-------- Records to process --------

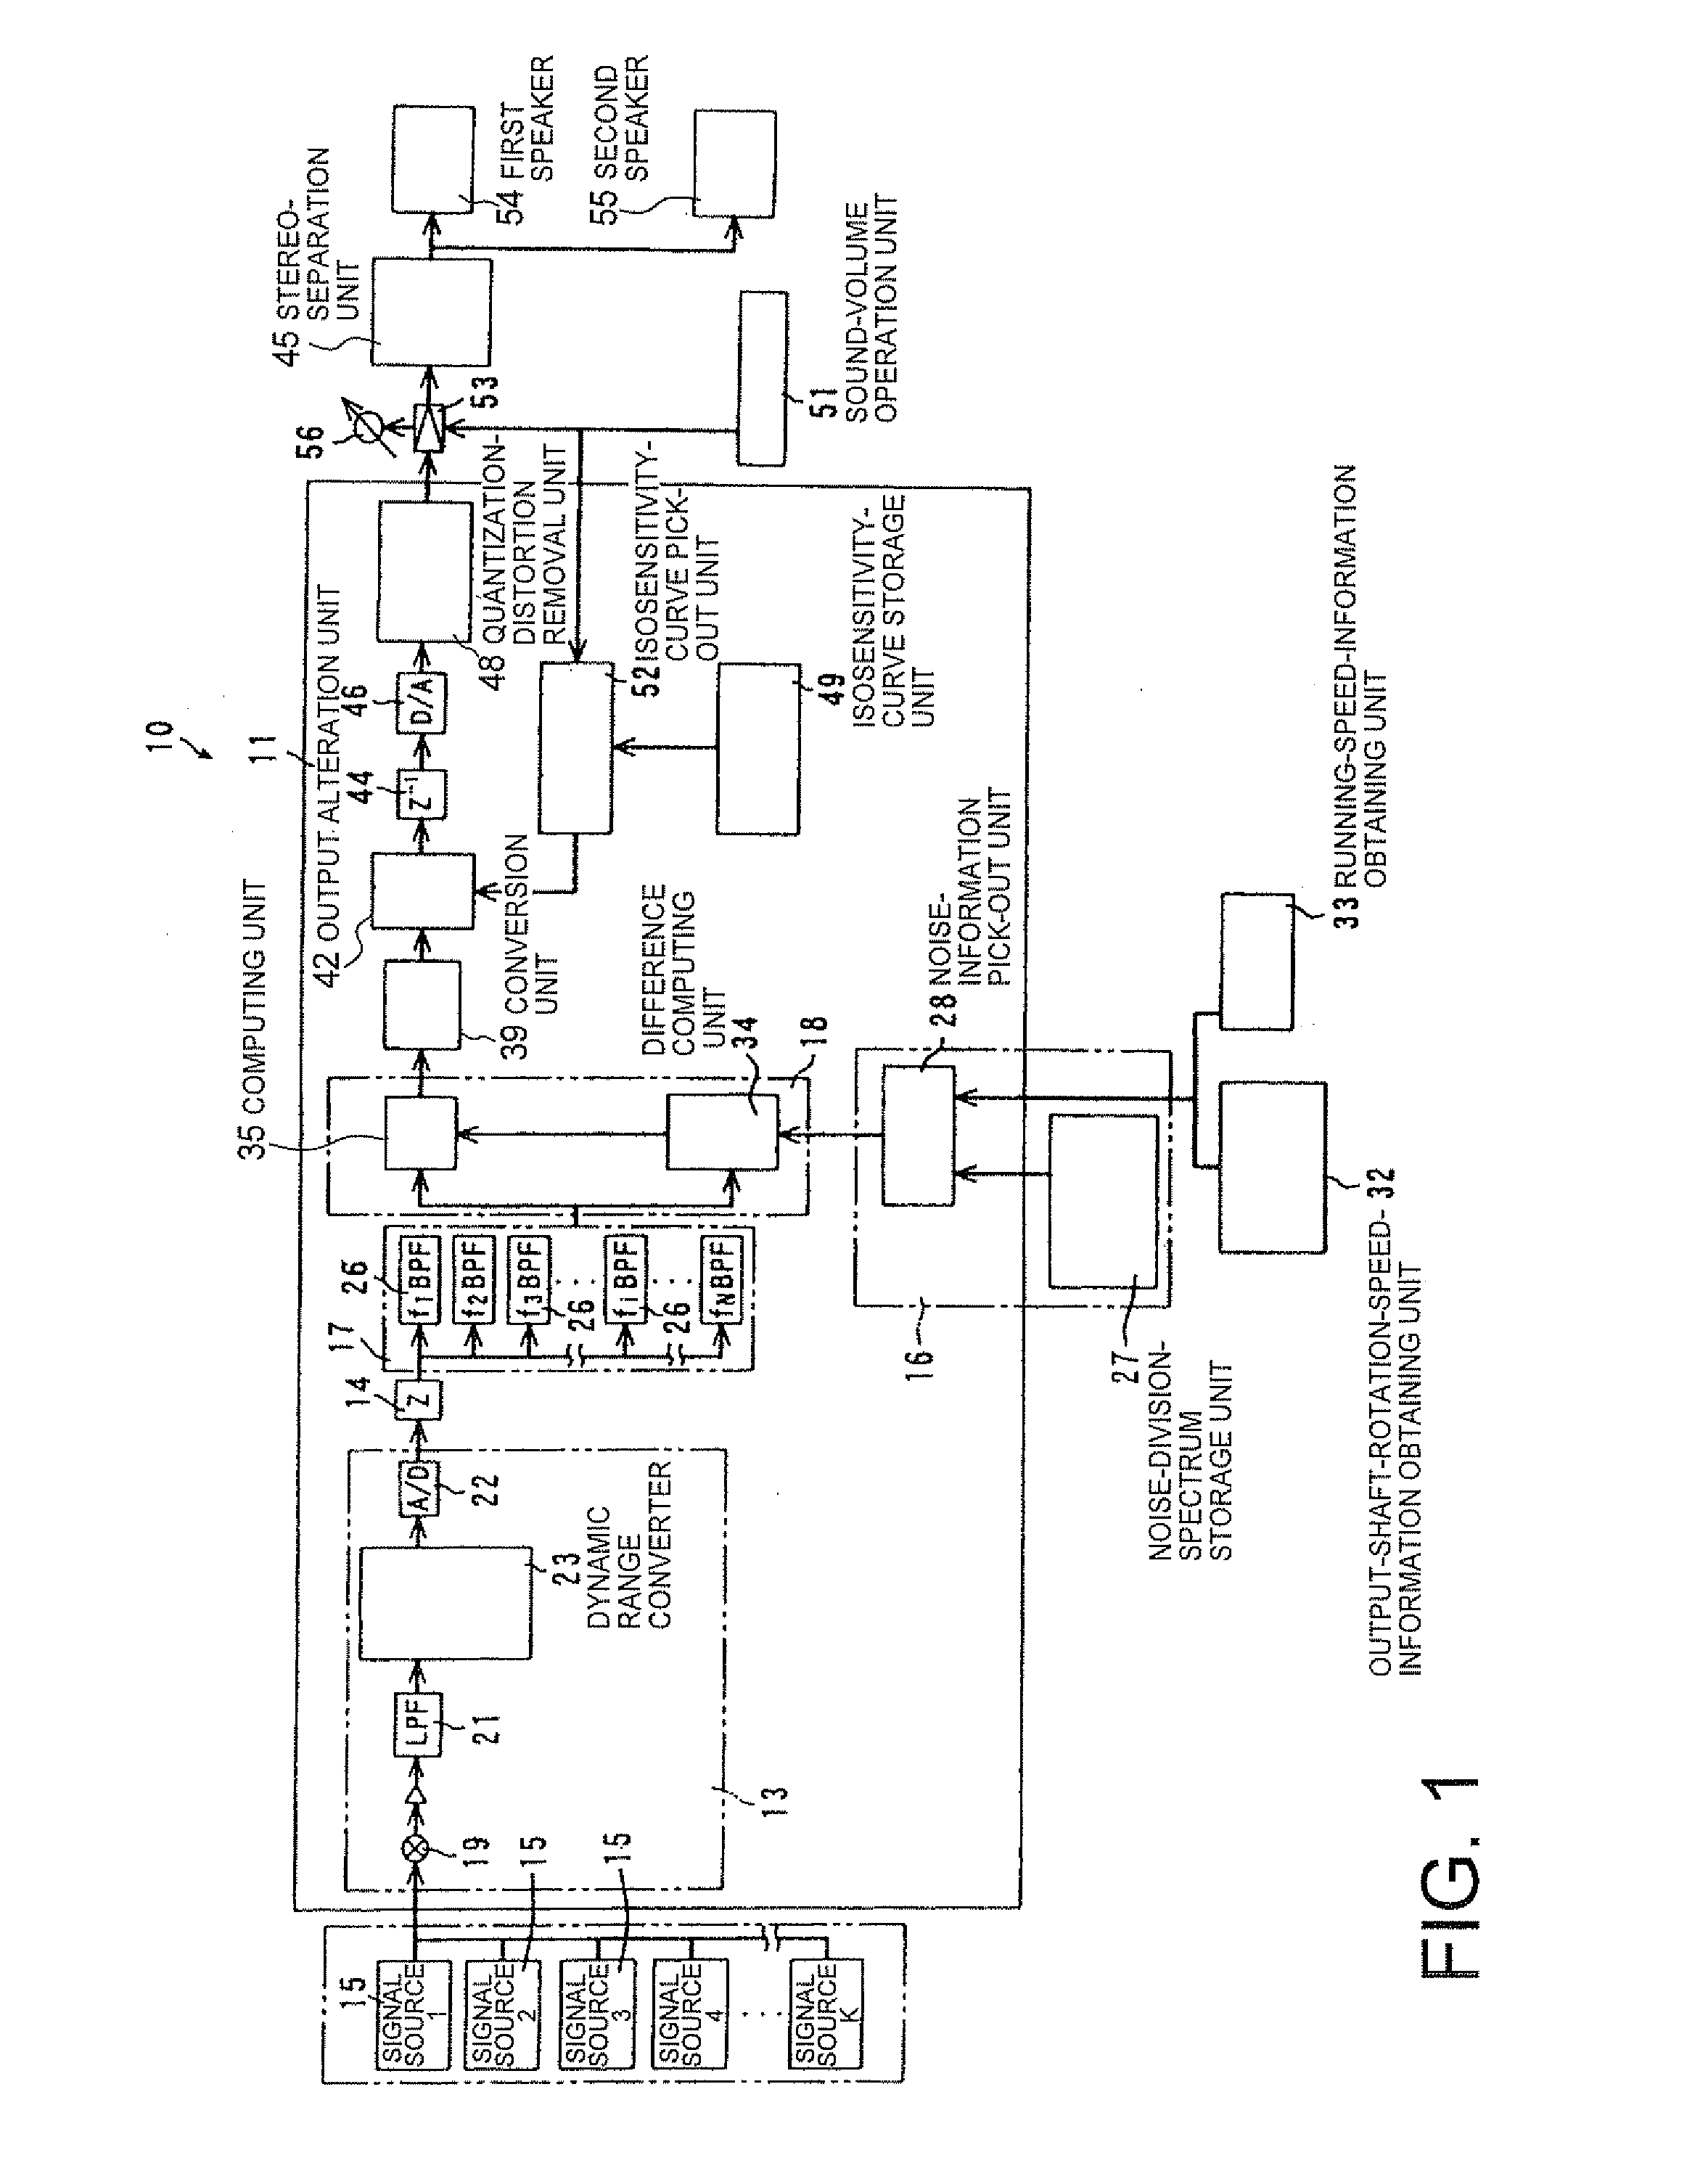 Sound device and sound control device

--------
-------- Records to process --------

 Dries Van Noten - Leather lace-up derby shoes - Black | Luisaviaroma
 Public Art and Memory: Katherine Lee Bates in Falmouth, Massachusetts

--------

* _Brief_
Word for word, restate the lines of the data above that fall between the line holding "Dries Van Noten" and the line holding "Public Art and", inclusive, and no other lines.

* _Answer section_
 Dries Van Noten - Leather lace-up derby shoes - Black | Luisaviaroma
 Public Art and Memory: Katherine Lee Bates in Falmouth, Massachusetts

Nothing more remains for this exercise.